I quickly took it up the the shopkeeper. He
had an impish knowing grin on his face.
This, he said, was an interesting story.
Not only is painting called, "Secret Women's Ceremony", but
the artist herself is mysterious. The
painting depicts women sitting in camp around the fire, painting themselves for
a special women's ceremony. How they
paint themselves and what type of ceremony are only for the initiated women to
know. Then he looked in his artist file,
and produced a single photo--the artist holding her finished painting. No bio, no name, no story. The shopkeeper then called the agent in Alice Springs, where the painting came from and was told
that this particular artist came in with the painting and has never done
another piece nor has ever been seen again.
Mysterious.
"I'll take it!".
---Kyle
-----Original Message-----
Sent: Thursday, July 27, 2006 6:02
PM
Subject: Estrela Log Entry -- Thursday
July 27, 2006 Kupang, West Timor, Indonesia
1820 local time (central Indonesian
time) Thursday, July 27, 2006 (1020 GMT); Lat/Lon 10 deg 09.7' S, 123 deg 34.1'
E; Location: Kupang harbor, West Timor, Indonesia;
Wind: ENE 10 kts; Sea: challenging roll; Sky:
cloudless; Air temp: 77 deg F; Water temp: 80 deg F; Anchored: In 54' depth
with 215' chain and a 35 lb Bruce anchor.

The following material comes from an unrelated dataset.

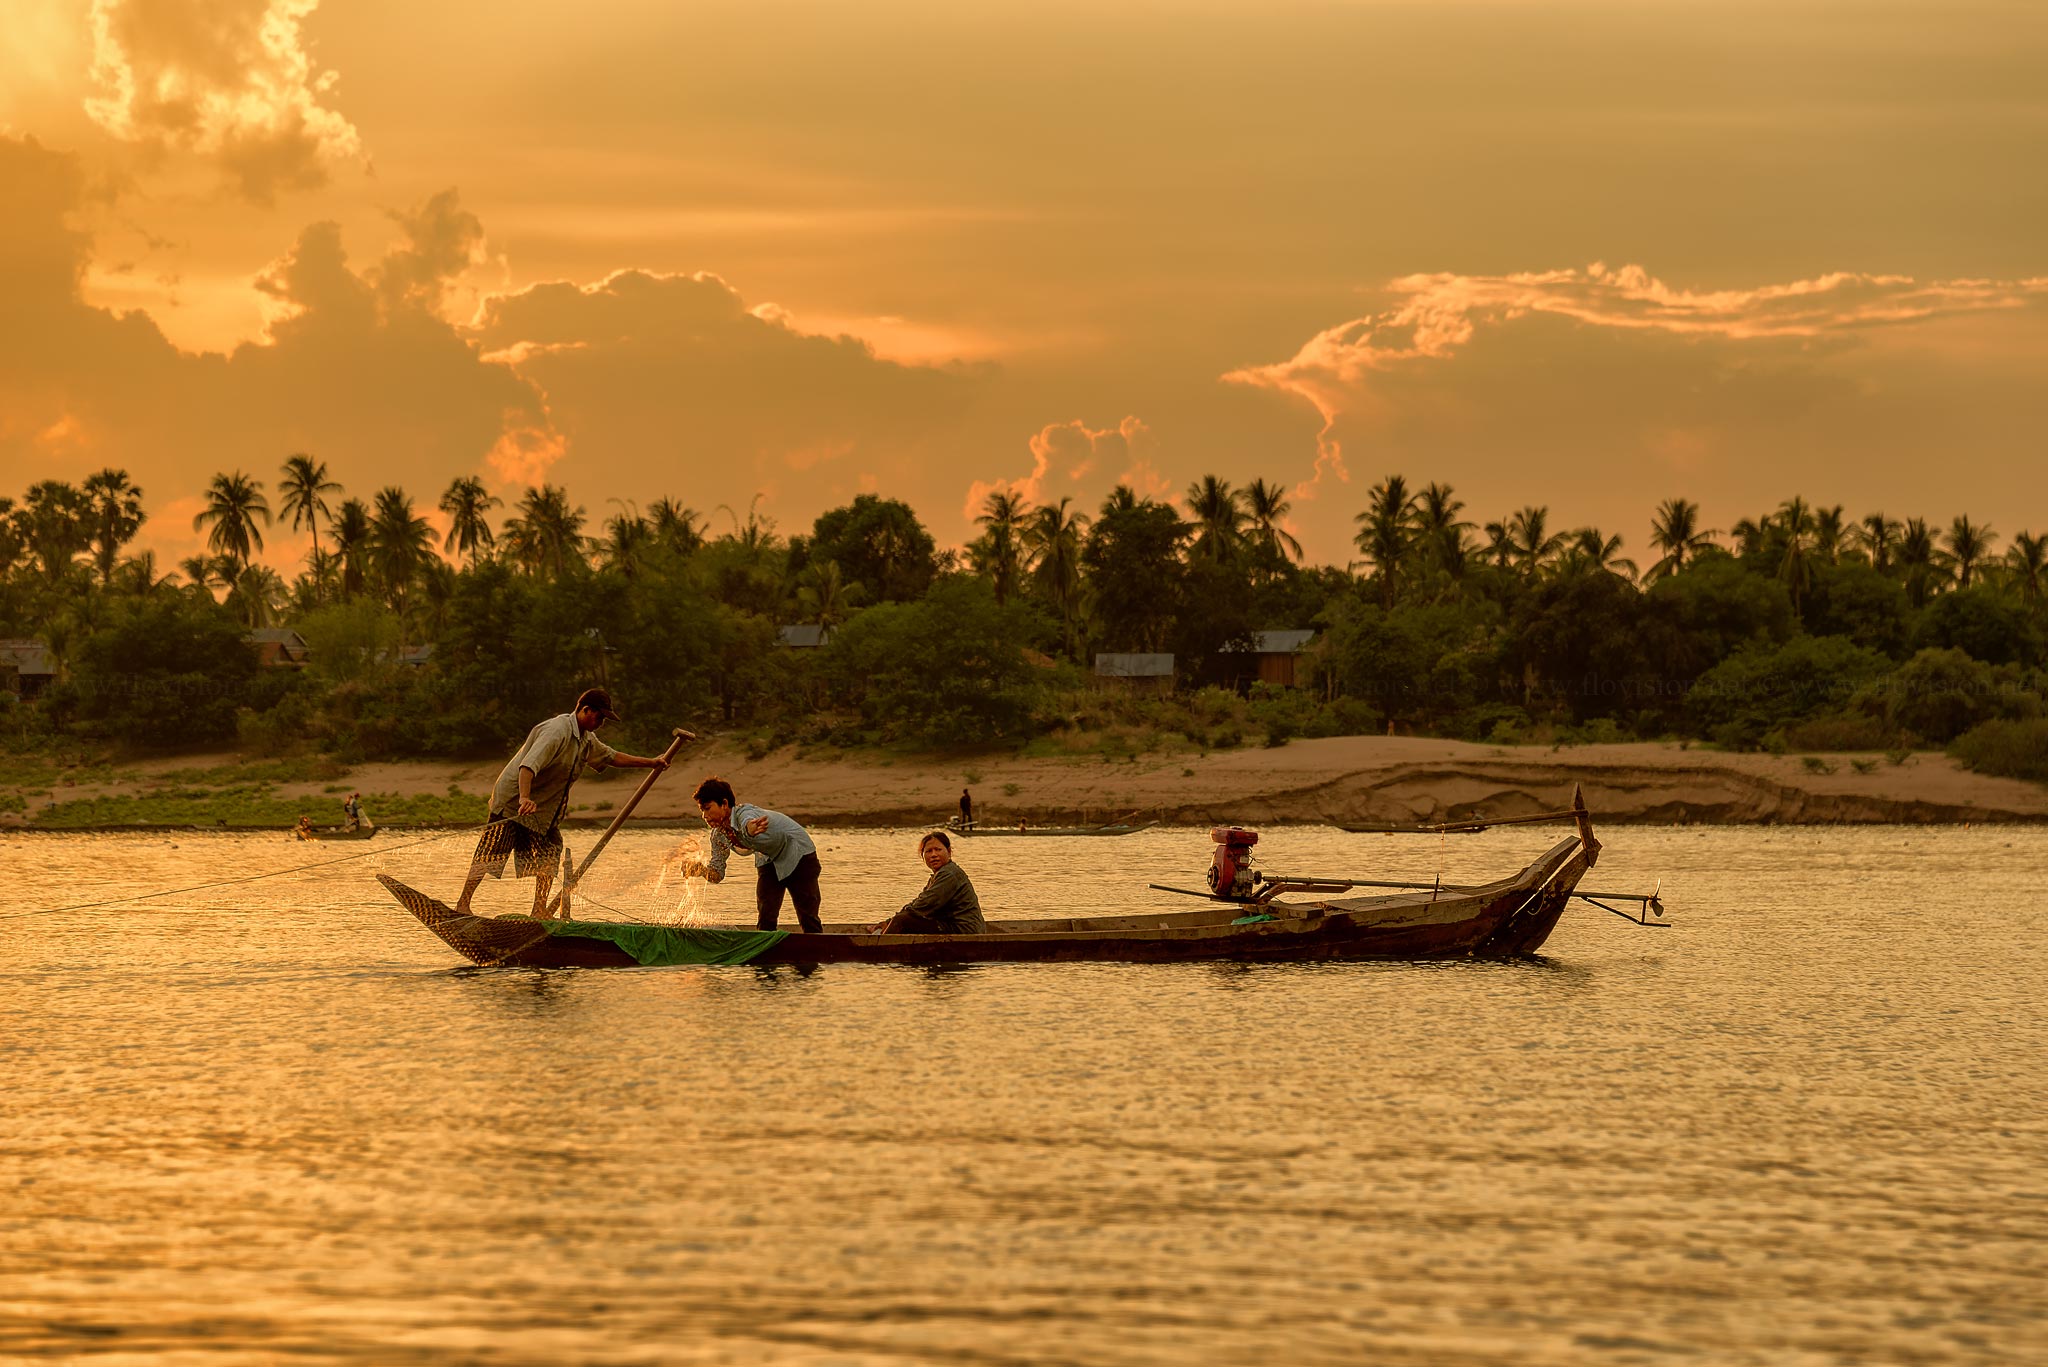 Sunset fishing, Cambodia
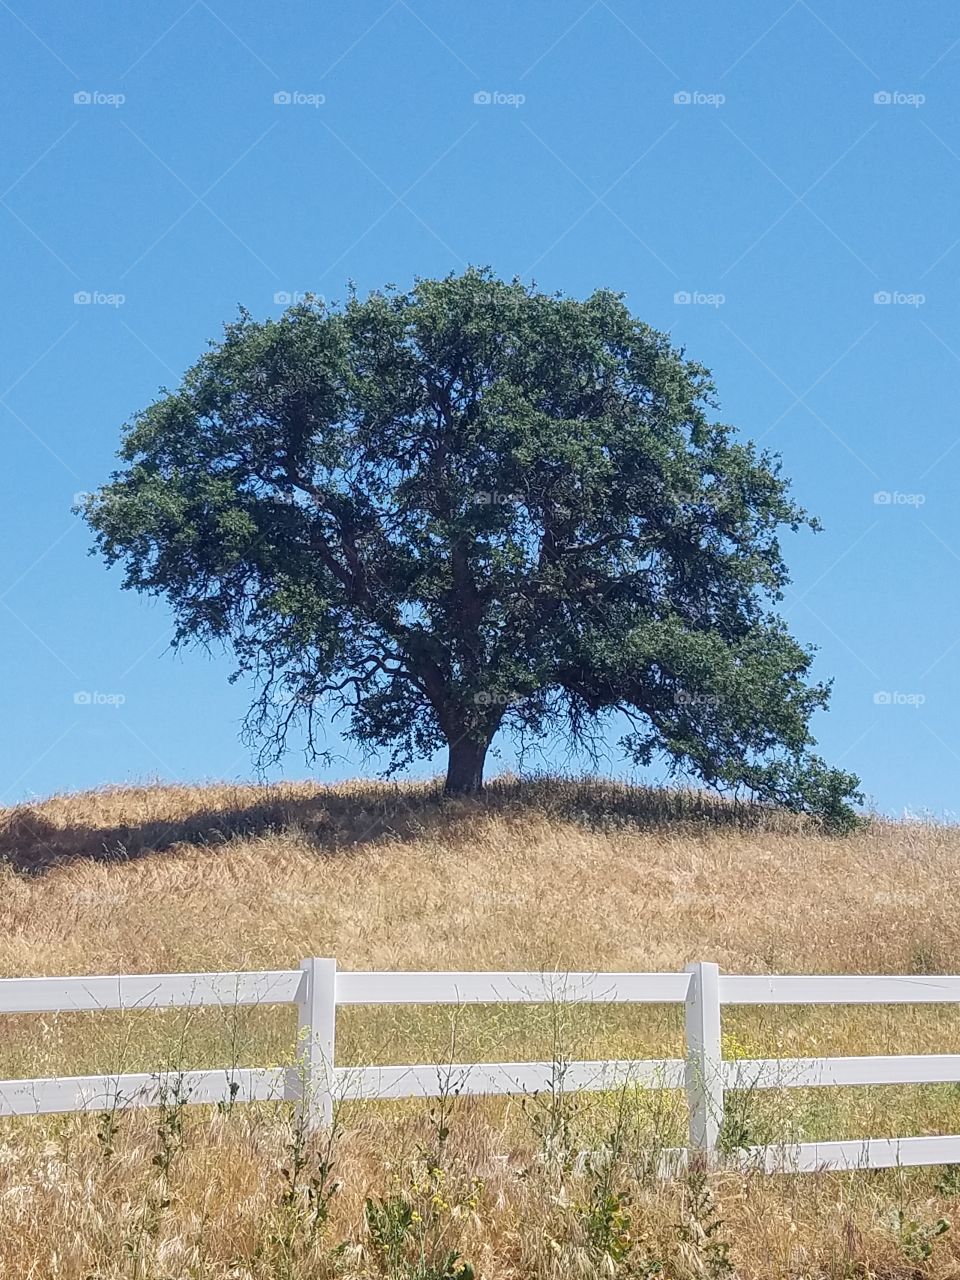 tree in a field.

We made it!! Safe and sound at anchor in
Kupang
Harbor. The wind picked up dramatically around 10 AM
and we lucked into having favorable tidal currents for most of the day. So instead of heaving to for another night at
sea and an early morning landfall tomorrow we were able to push on through and
anchor right at dusk. The final approach
into and through Selat Roti
(Roti Strait), a couple hours sail shy of Kupang, brought us several hours of wind 25 to 35 kts. We enjoyed some
fantastic sailing during this passage.
The highlight was flying the spinnaker for one entire day, with barely a
tweak to adjust it.
As we made our final approach to the
yacht anchorage in Kupang Harbor
an inflatable outboard dinghy loaded with kids and a dad came roaring out to
greet us -- our buddies from the kidboat Vagabond
Heart. They invited us for dinner and
even returned to taxi us over. We ate
freshly caught Spanish Mackerel fish curry, and shared
a bottle of champagne for toasts. What a
great passage.
Tomorrow we start slowing down, and
await a visit from Customs, Immigration and Quarantine to clear us into Indonesia. We're happy to be here.
-- Doug
-----Original Message-----
Sent: Tuesday, September 12, 2006
7:00 PM
Subject: Re: Lat long
We're in Kompal Bay,
Lombok:
08 deg. 24.2'S/ 116 deg. 04.6'E.
All is well. Staying
a few days to tour and re-provision before going to Bali.